- Leader: Deepak Mittal
- Founded: August 2007; 18 years ago
- ECI Status: State party
- Seats in Rajya Sabha: 0 / 245
- Seats in Lok Sabha: 0 / 543
- Seats in Rajasthan Legislative Assembly: 0 / 200

Website
- www.jagoparty.org

= Jago Party =

Jago Party is an Indian political party. It was founded in August 2007 by a group of non-political Indians and was registered with the Election Commission of India in January 2008.

== Vision ==
- To make a society based on individual freedom to pursue one's happiness, so long as one does not take away freedom of others by force or fraud

- To make India a free market economy and protect its freedom-based institutions such as democracy and secularism

- To restrict role of the government only to maintenance of individual's freedom and management of public property

- To eliminate all discrimination exercised by government or individuals on the basis of religion, caste, sex, place of birth, income, ethnicity etc.

- To strive for one world government based on democracy, secularism, and free market economy with one global policing and justice system

== Manifesto ==
Elimination of all reservations and provision of free education to all
Death sentence for big-scale corruption and rape; court judgment within three months
Removal of all subsidies; direct transfer of cash worth Rs 800 per month to all voters
Maximum privatization including that of power and railways
No income tax up to Rs. 400,000 per annum; reduction in number and rates of taxes

=== Membership ===
The Party has two categories of membership:

Primary membership:

Any person who is a citizen of India, has attained the age of 18, accepts the Constitution and ideology of the party, and is not a member of any other political organization can become a primary member of Jago Party. There is no membership fee on enrollment as a primary member.

Active membership:

Every active member must be aged 18 or over, pay the annual membership fee of Rs.100 and actively participate in the party's activities.

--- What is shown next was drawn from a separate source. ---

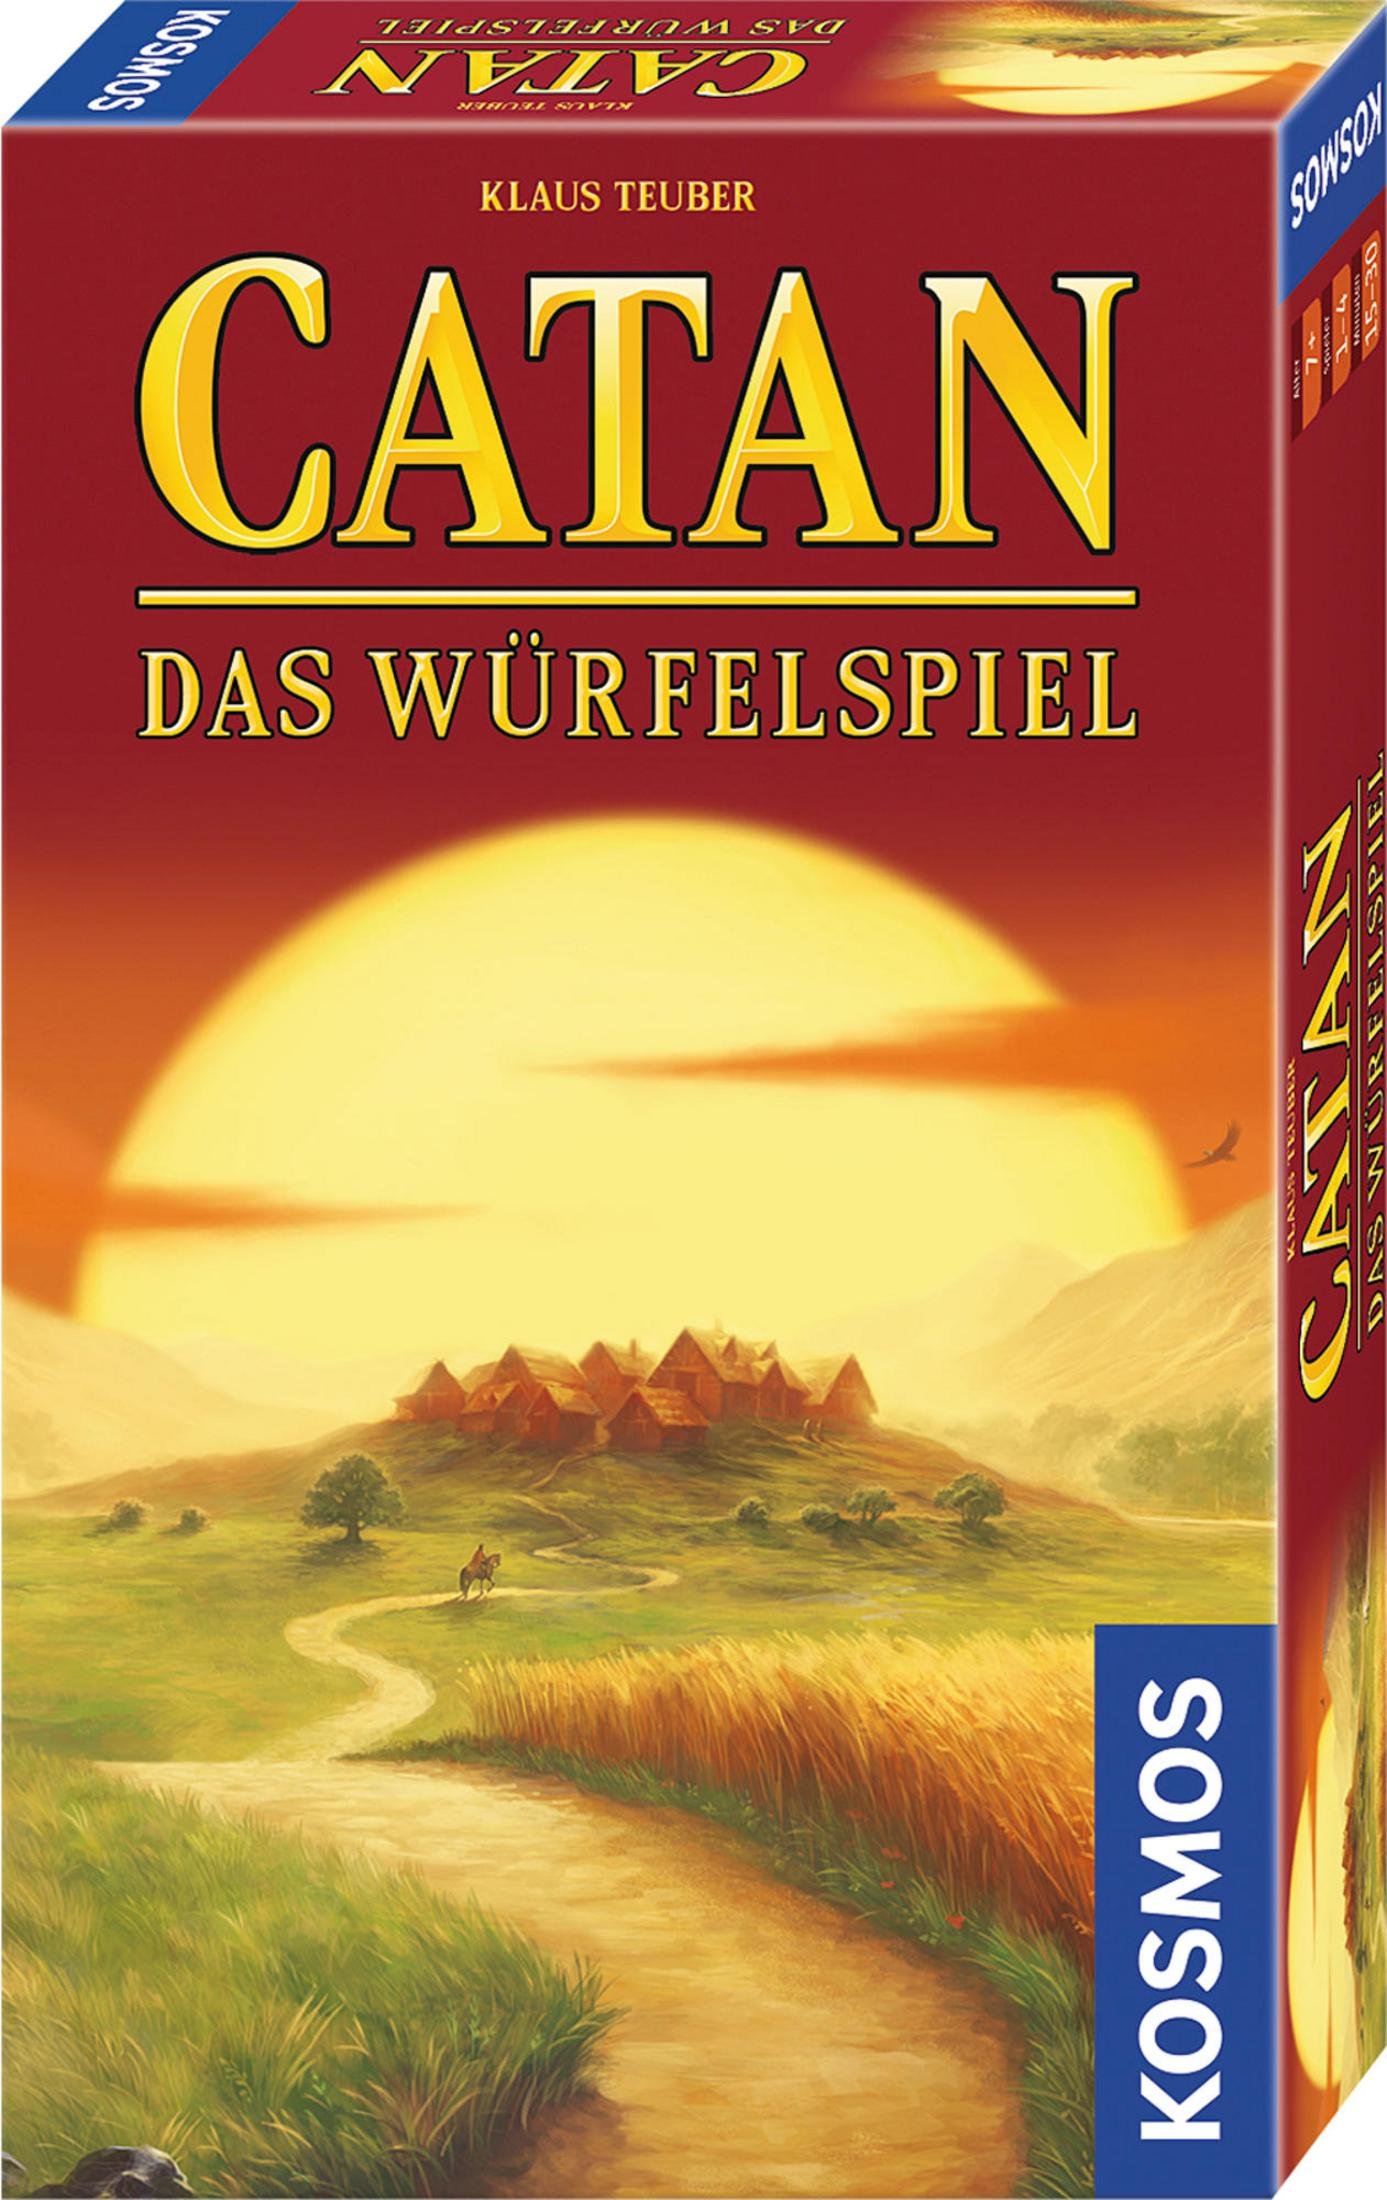 CATAN KOSMOS SIEDLER WÜRFELSPIEL 699093 Würfelspiel VON

Local organization of Jago Party:

a. A state/UT general council for each state/UT.

b. A state/UT executive committee.

c. A district general council for each district.

d. A district executive committee for each district.

The primary unit of the party is the district executive committee.

==2008 Rajasthan Assembly elections ==

Jago Party contested Assembly election in Rajasthan in 2008 in 26 seats, although no candidate won the election. Jago Party was ahead of all the smaller parties in most of the 26 constituencies it contested, except Bharatiya Janata Party (BJP), Indian National Congress and SP. Jago Party was ahead of Bahujan Samaj Party (BSP) in two constituencies and was fourth there among all political parties.

Jago Party contested the elections of Rajasthan Vidhan Sabha in 2013 and Lok Sabha in 2014.